Aussi, monsieur le ministre, les méthodes pédagogiques nous permettent de comprendre que, par la méthode enseignée, les pédagogies actuelles peuvent créer une confusion entre les différents niveaux de codage et de décodage ; plus encore, la question du socle de connaissances, de la lecture et de l'écriture traduit aussi quelque part le paradigme d'un nouveau tempo de la pensée puisque, aujourd'hui, le temps de la maturation de la pensée, nécessaire à toute compréhension, le temps de la genèse et de la filiation, laissent la place au temps du discontinu et de l'éphémère.

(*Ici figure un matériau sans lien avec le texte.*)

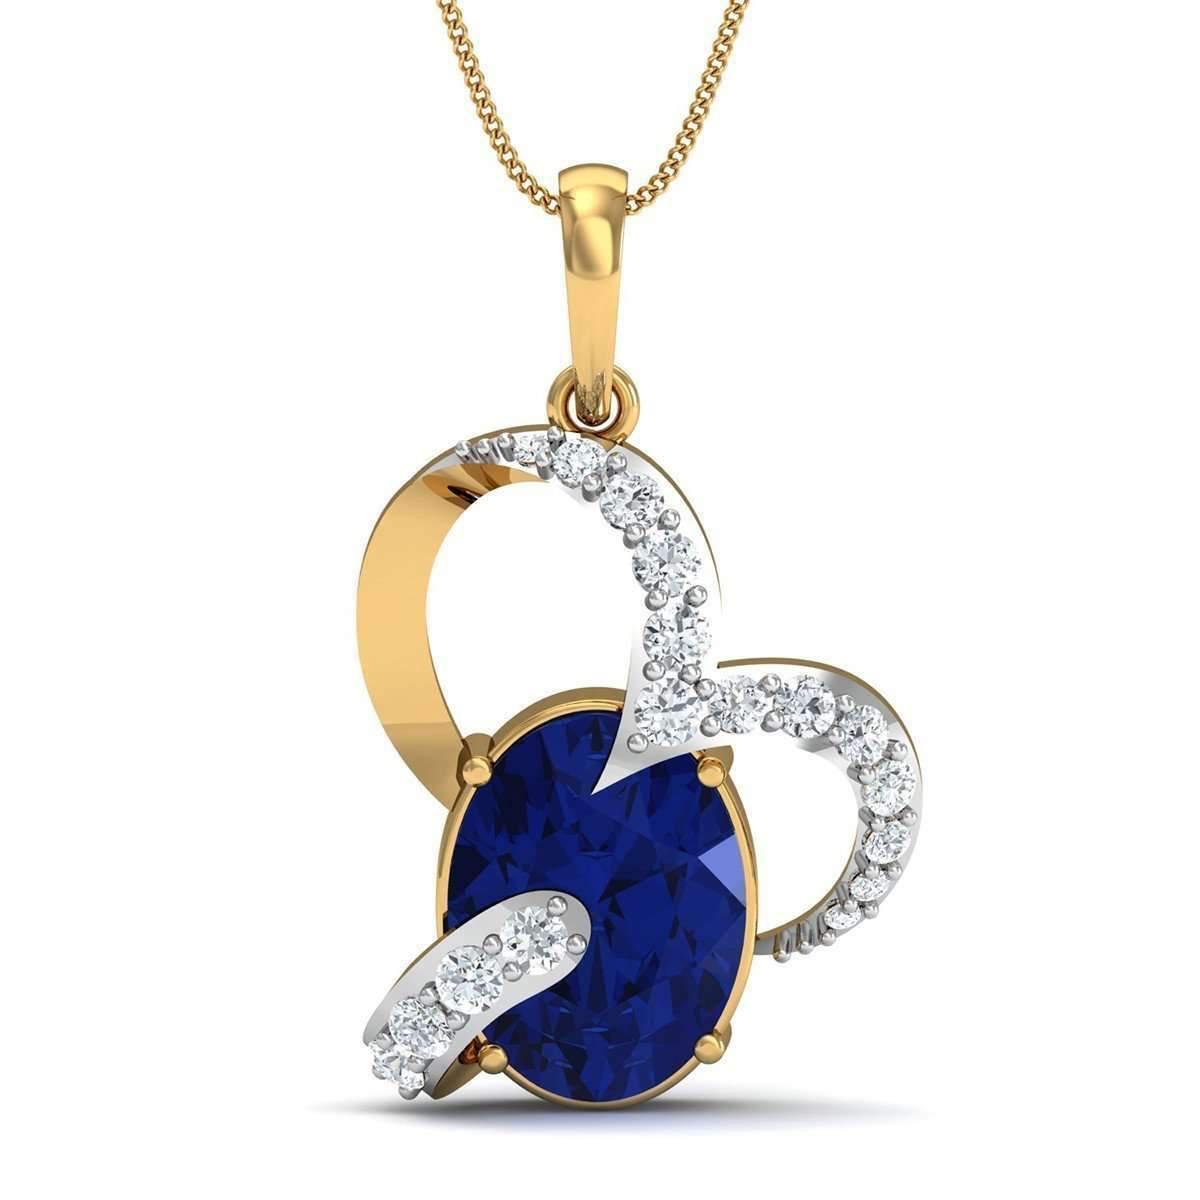 Diamoire Jewels Blue Pear Cut Sapphire and Diamond Pendant in 14kt Yellow Gold bXRNa6KtSF

De plus, si la fonction d'autorité inhérente à tout apprentissage devient incertaine pour l'élève, celui-ci risque d'aborder l'école avec une certaine désaffection pour celle-ci : elle n'est alors qu'obligatoire. L'élève perdra alors la saveur d'apprendre, celle qui permet d'accéder à la signification des mots et des concepts, celle qui facilite la compréhension du monde, en dissipant peur et insécurité et en permettant de construire sa pensée. Cette saveur d'apprendre se construit bien évidemment non seulement à l'école élémentaire, mais également à l'école maternelle.

Telles sont les quelques observations que je tenais à formuler, mes chers collègues, alors que nous abordons l'examen de l'article 6, un article, je le répète, fondamental dans le projet de loi qui nous est soumis.